Who’s Up for Chinese Food?

Mar 20, 2014

CHICKEN: The United States Department of Agriculture (USDA) looks to open up trade with China by exporting raw chicken to China to be processed and then returned to the United States, which may endanger the health of consumers.

By Chance Ornelas-Skarin, Staff Writer

One day you go to a restaurant with your friends and order some hot wings or fried chicken. It tastes good and smells delightful so you continue eating it without hesitation. The juicy, tender meat tickles your taste buds as you devour the rest until you notice something. On the bottom of your chicken you see the same thing that one can find on the cheap toys that discolor your skin if you play with them too much: a label that says “made in China.”

Shipping dead chickens to China to be processed will likely be approved, and four poultry factories in China have already been opened. The processed chickens will not be checked by the USDA. Their quality will be regulated by China, which already has many issues with its own food.

These Chinese factories will “purchase frozen chicken in the United States, pay to ship it 7,000 miles, unload it, transport it to a processing plant, unpack it, cut it up, process/cook it, freeze it, repack it, transport it back to a port, then ship it another 7,000 miles” according to Tom Super, a spokesman on the subject. Why would our government allow this? Two reasons: it is more cost-effective to ship chicken  to China for processing and it might open up the Chinese market to the American Beef Industry. We do it with seafood, so why not chicken too? Even though it is economically helpful, the health effects could be catastrophic. The USDA might as well throw all its regulations out the window once it cannot enforce them on this food. Not only is China behind in safety standards, but it also has a bad history of tainted foods and contaminated milk—health hazards that have taken a toll on China’s population.
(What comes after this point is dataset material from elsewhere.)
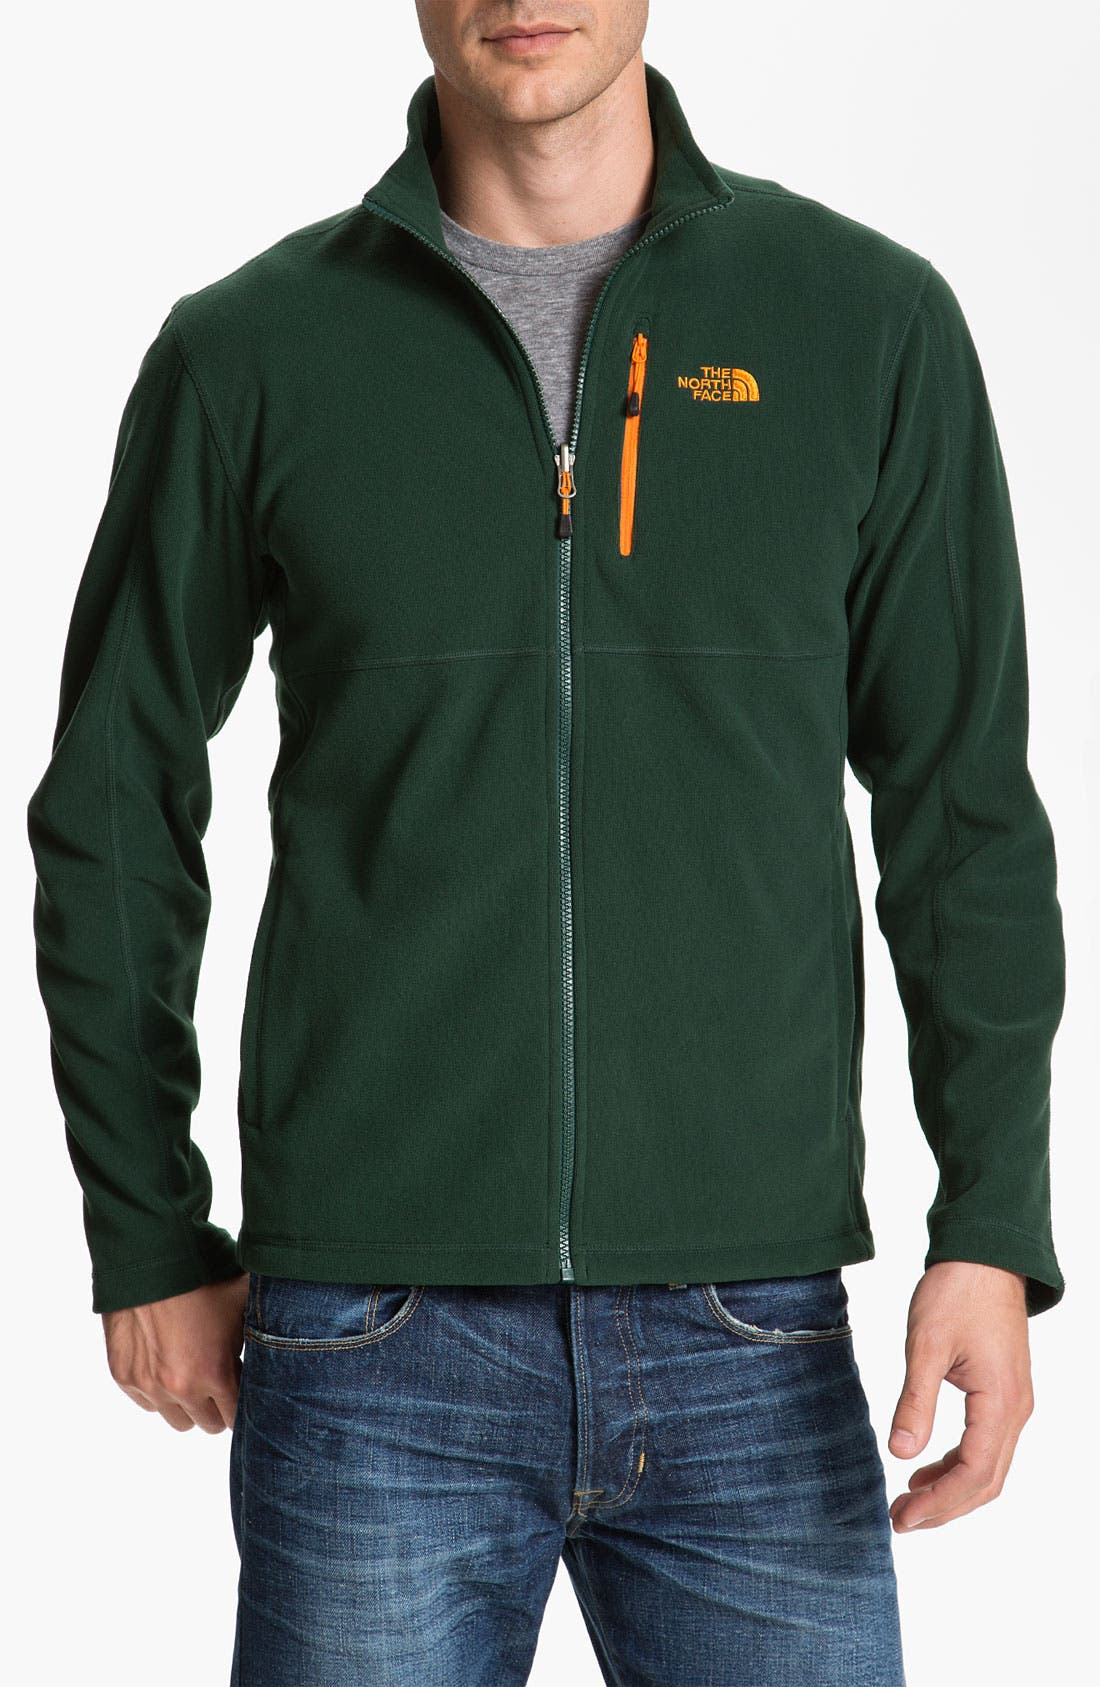 Main Image - The North Face 'TKA 100' Zip Fleece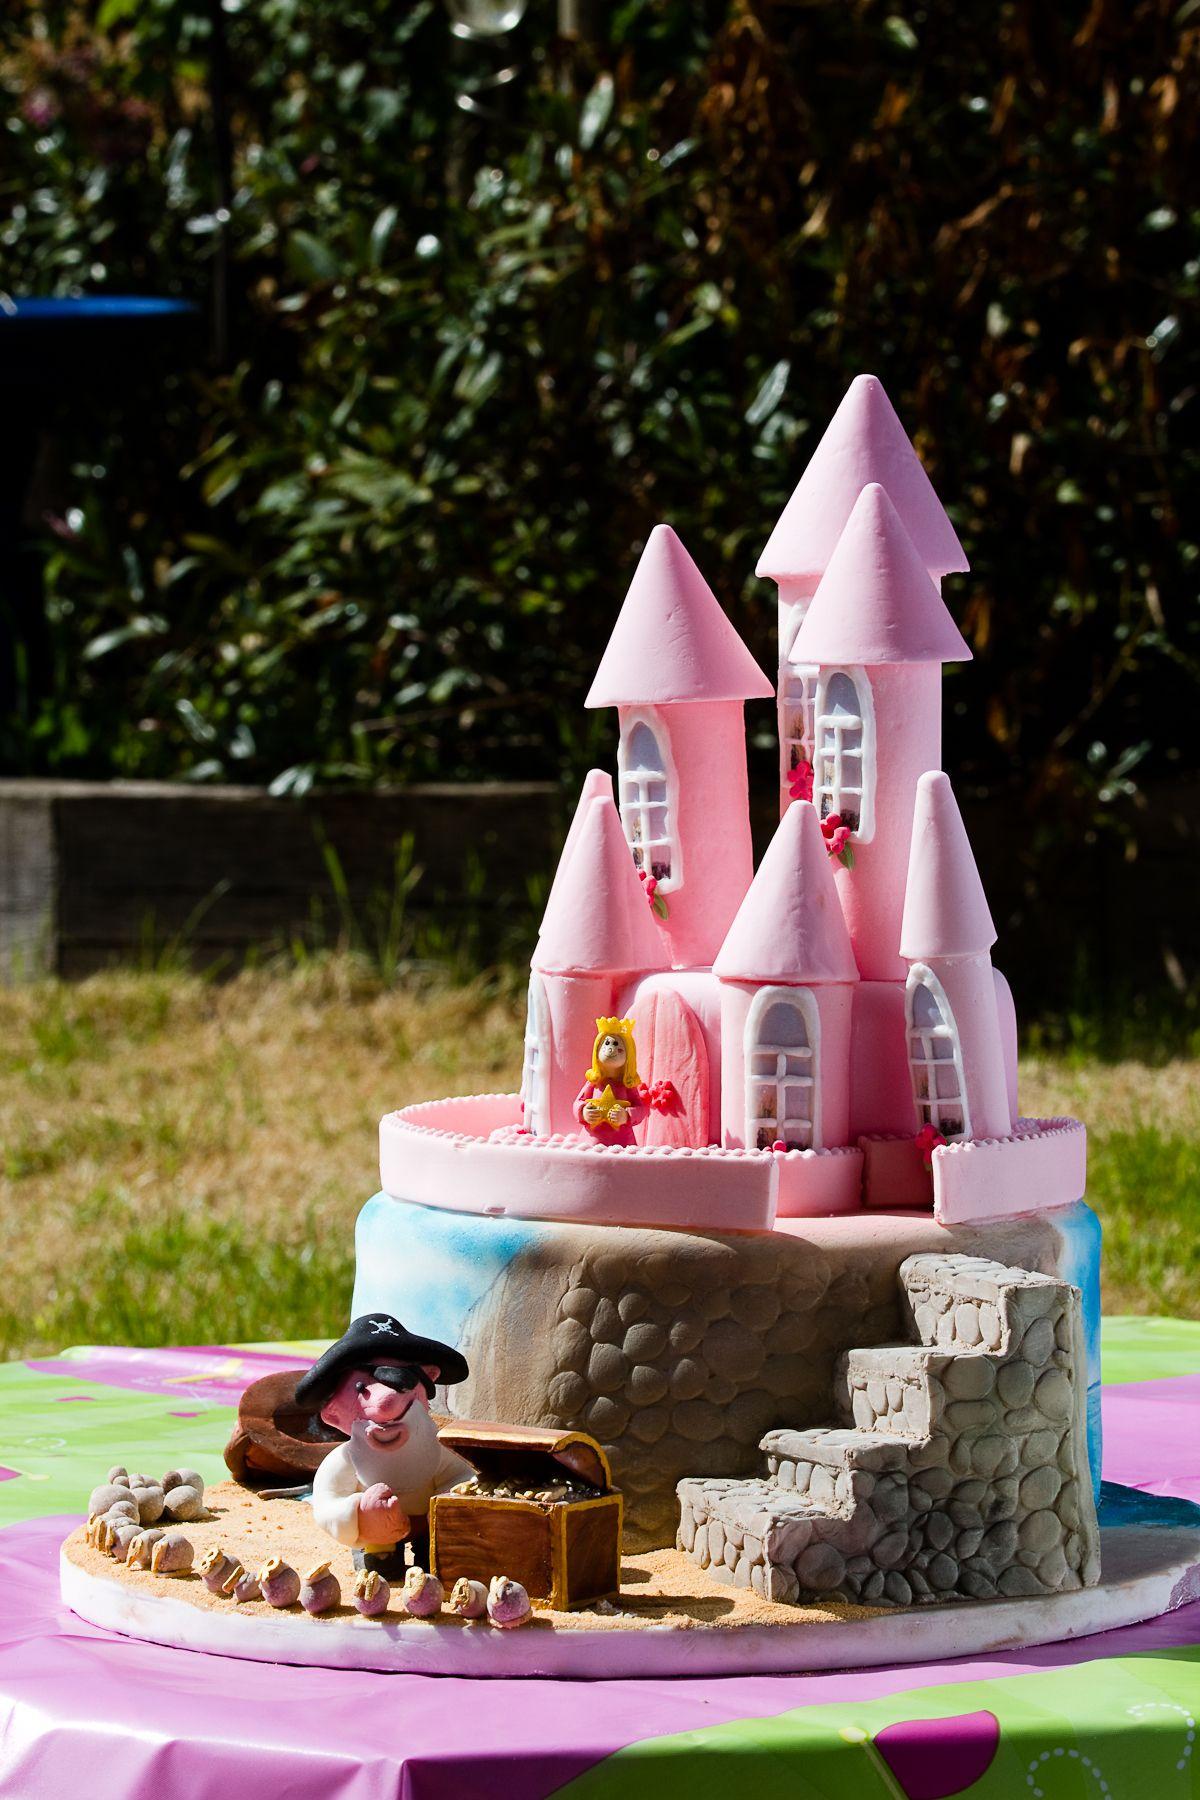 Cake ideas on pinterest pirate cakes marshmallow fondant and - Pirate Princess Cake Chocodebs Cakes Blog Archive Pink Pirate And Princess Cake

The USDA doesn’t plan to keep an eye on the new Chinese chicken plants, so basically, we have to trust China. This is a country that lacks effective health regulations on its food, evidenced by the 300,000 babies who were poisoned by contaminated milk powder in 2008, according to The Guardian. The effects of contaminated chicken could be similar. Food Safety News even mentions that China’s baby formula contains high amounts of mercury and that 1 million dollars of rat and other small mammal meat was sold as lamb. This chicken is dangerous to the public that could consume it whether it be toddlers or grown adults. The Huffington Post reports that the USDA admitted the new chicken may become a part of school lunch entrées. However, the children and their parents won’t know what kind of meat the schools serve because unlike the hypothetical situation in the beginning of this article, there will be no stamp or signification of any sort that marks whether the chicken was processed in the United States or in China.

Chicken shouldn’t be shipped because of the dangers that come with doing so, even if the process is more efficient. The anonymity could make any chicken a potential threat to the health of hard-working American adults and children. The potentially deadly health issues that could emerge should stop the USDA from committing to the proposed trade agreement.